When it comes to riders with membership, the traffic is spread throughout the city. This could indicate that majority of riders with members are employees commuting to work and home.
The number of rides is highest during the weekends and casual riders have a huge contribution to it. The number of rides taken by members does not change too much. It decreases during the weekends and stays almost steady during weekdays.
Although the number of rides taken by casual riders is lower than the rides taken by members, the average duration of casual rides is significantly high.
The peak hours are 8 AM and 5 PM during weekdays which is hugely contributed by members. During weekdays, the rides taken by members are greater than casual riders. The peak hours during weekends are from 1 PM to 3 PM which is hugely contributed by casual riders. Here the casual rides are greater than rides by members.
The classic bike is the most preferred bike among both members and casual riders.
Casual riders being the target customers here, the company could offer lower hourly charges for members. Since casual riders are contributing more for the average trip duration, they would want to get the membership for the lower charges. The company can also run campaigns on social media campaigns with special offers on weekends for riders with memberships.
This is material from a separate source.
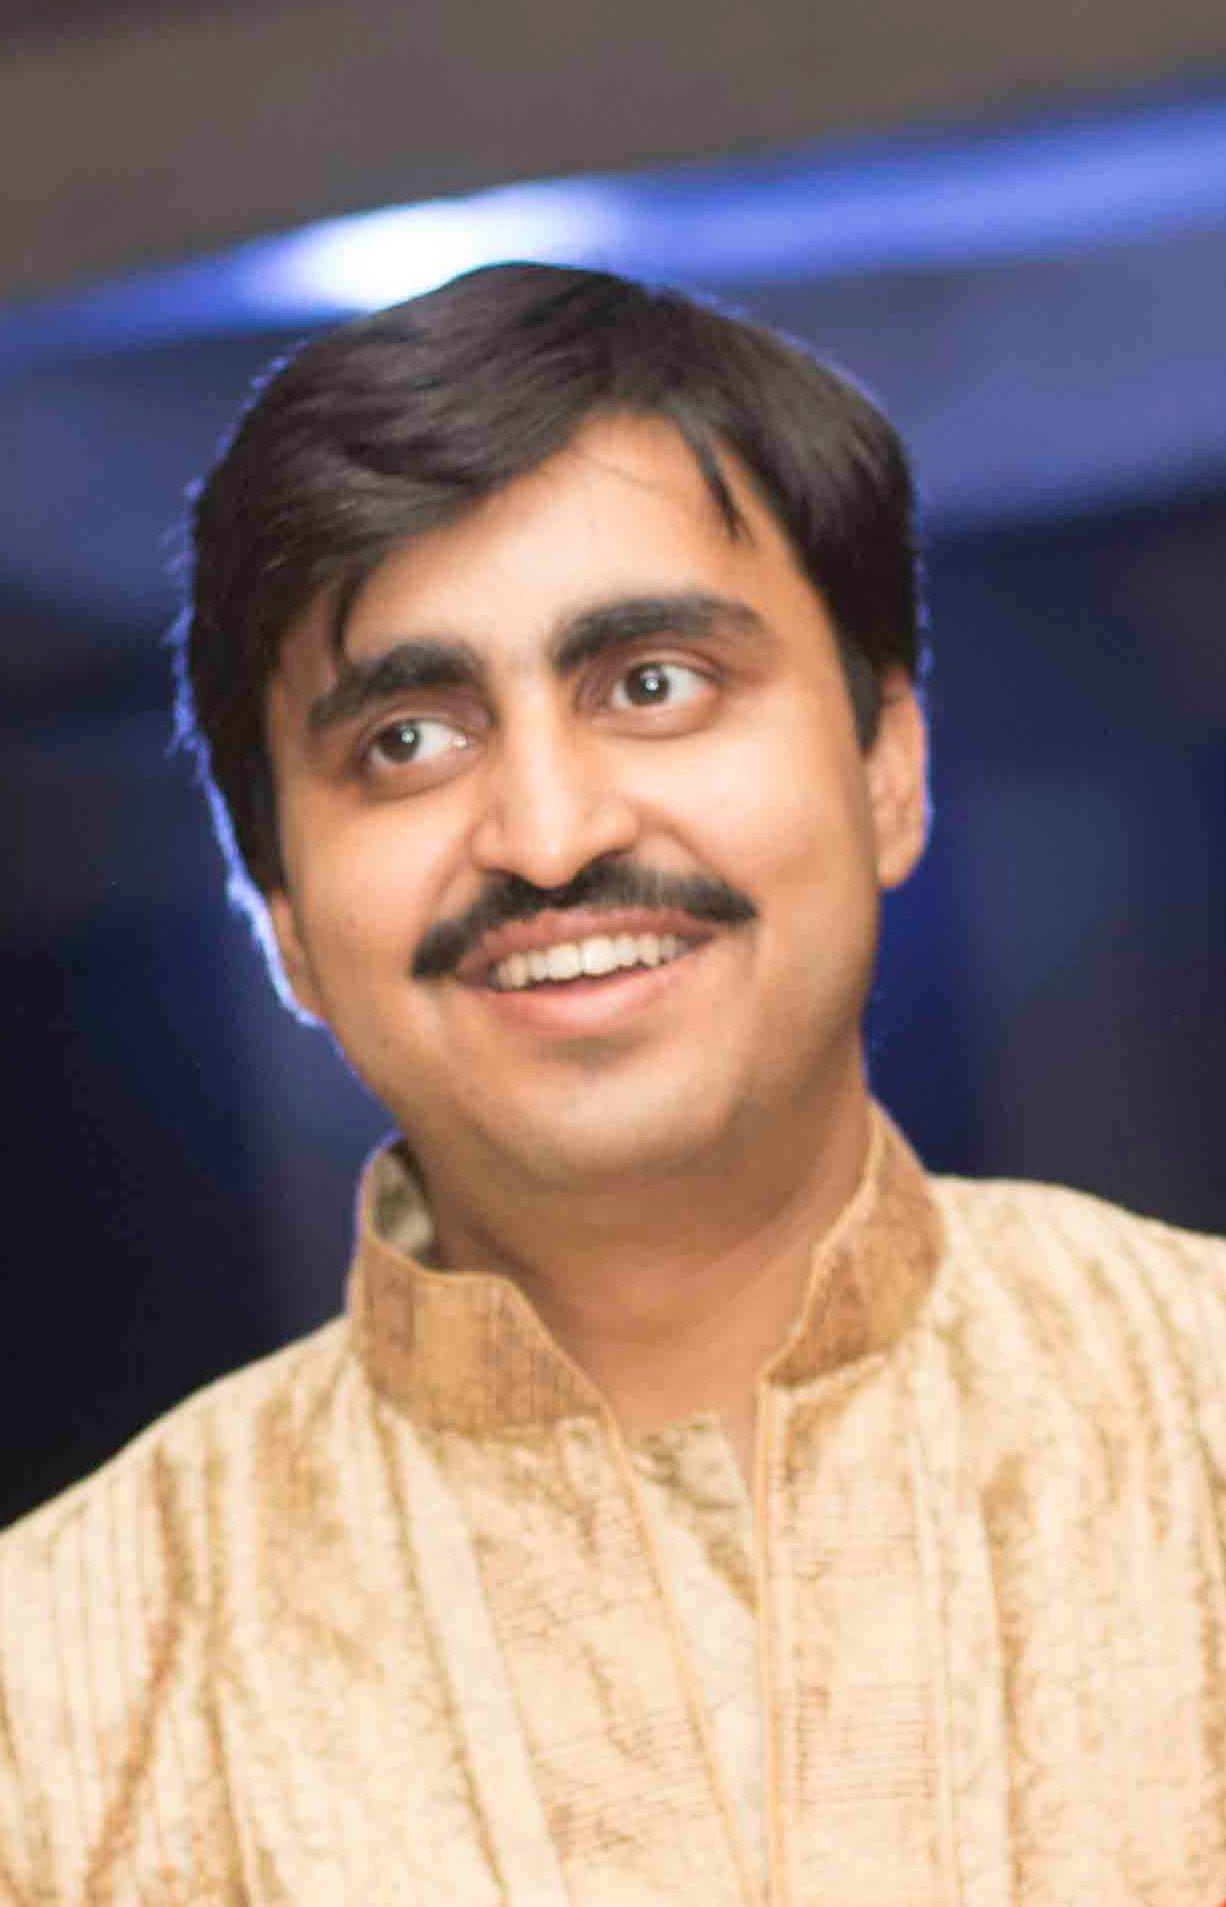 Photo of Malay Kumar Bandyopadhyay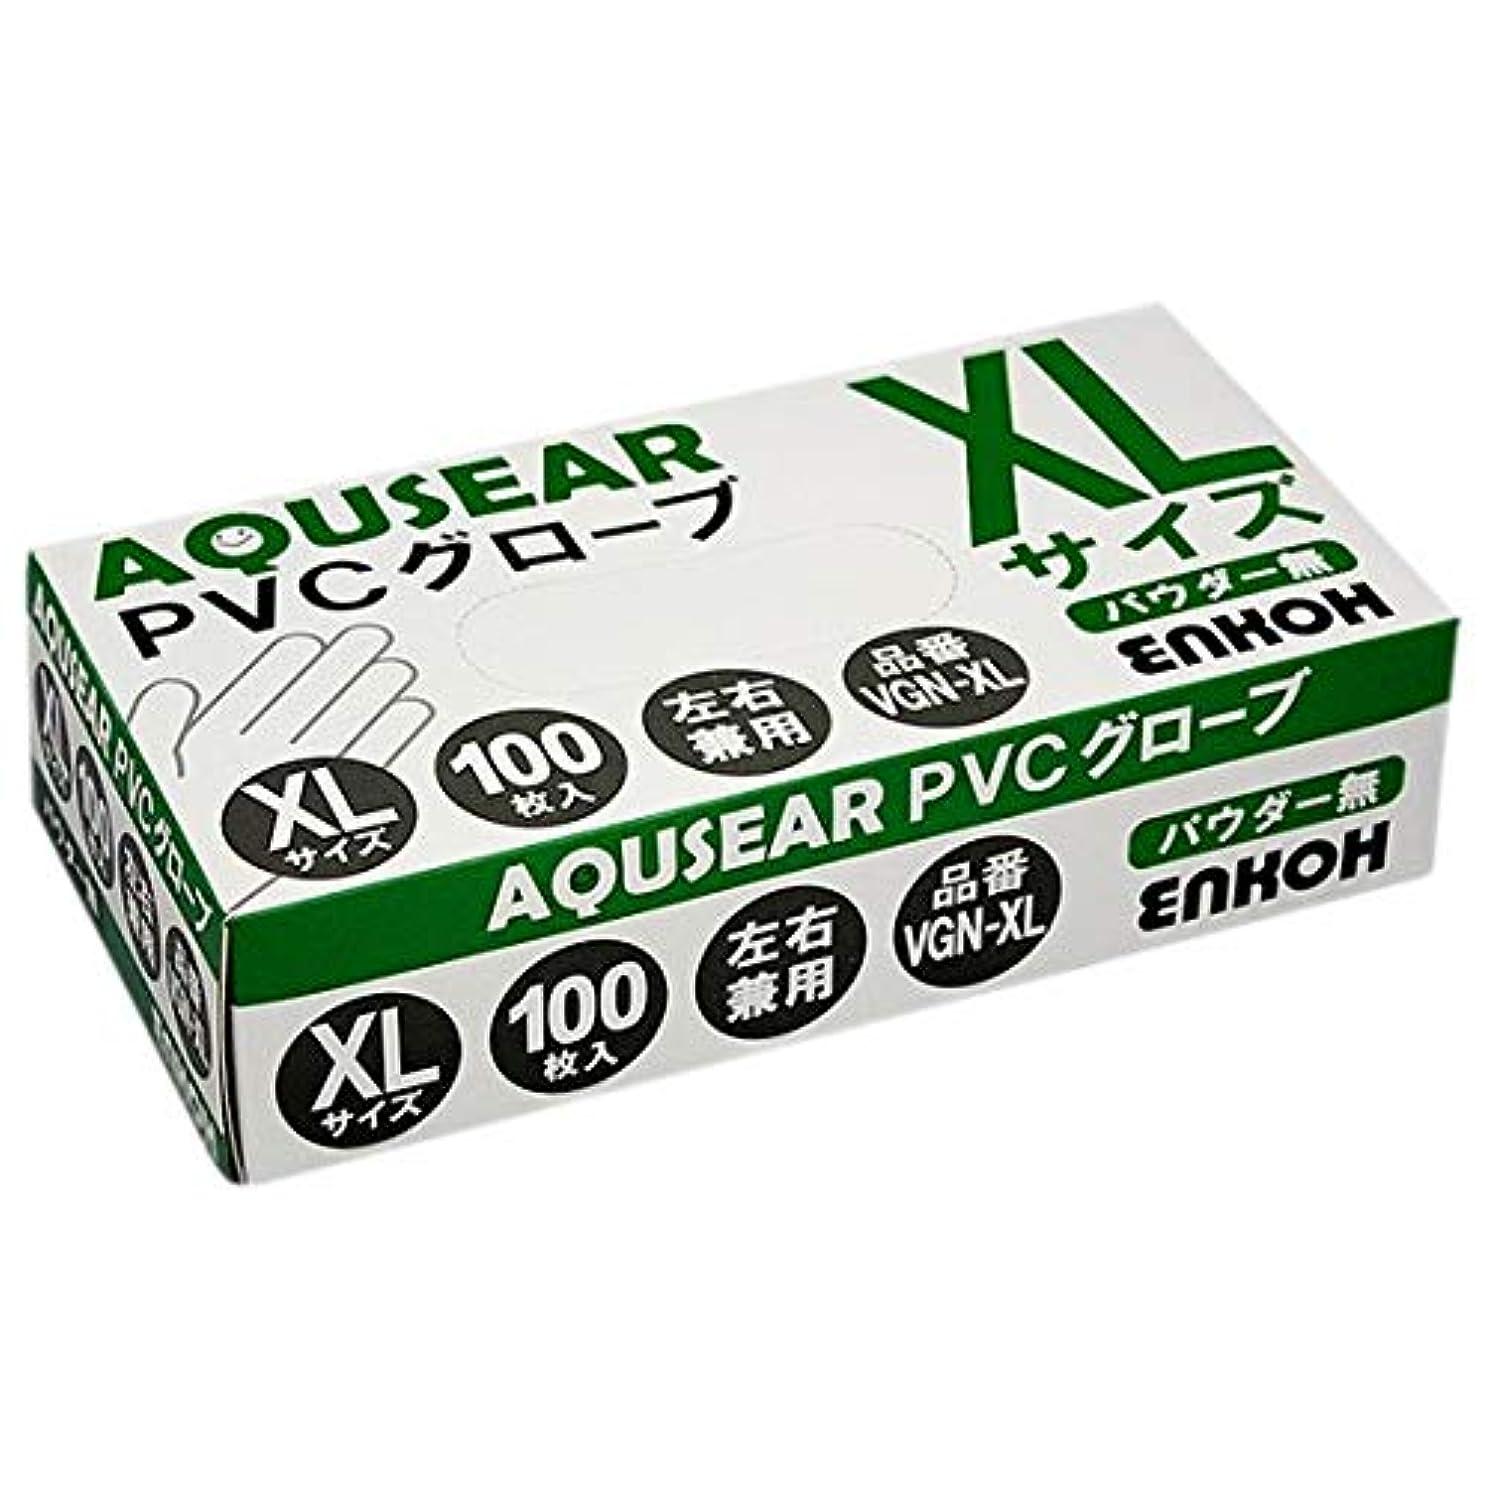 低下縫い目リスクAQUSEAR PVC プラスチックグローブ XLサイズ パウダー無 VGN-XL 100枚×20箱

This could also help in customer acquisition.
Casual rides are high during weekends and the traffic for casual riders is high near popular places like Polk bros park, Dusable Harbor, Millennium park, lakeshore. These are places usually visited in groups where families or a group of friends visit to have a fun time. Group memberships could be provided for a small discount which will increase the chances of converting the casual riders to members as the idea of being a group is well received by people.
Social media is a very powerful tool to promote these offers and discounts and attracts more customers.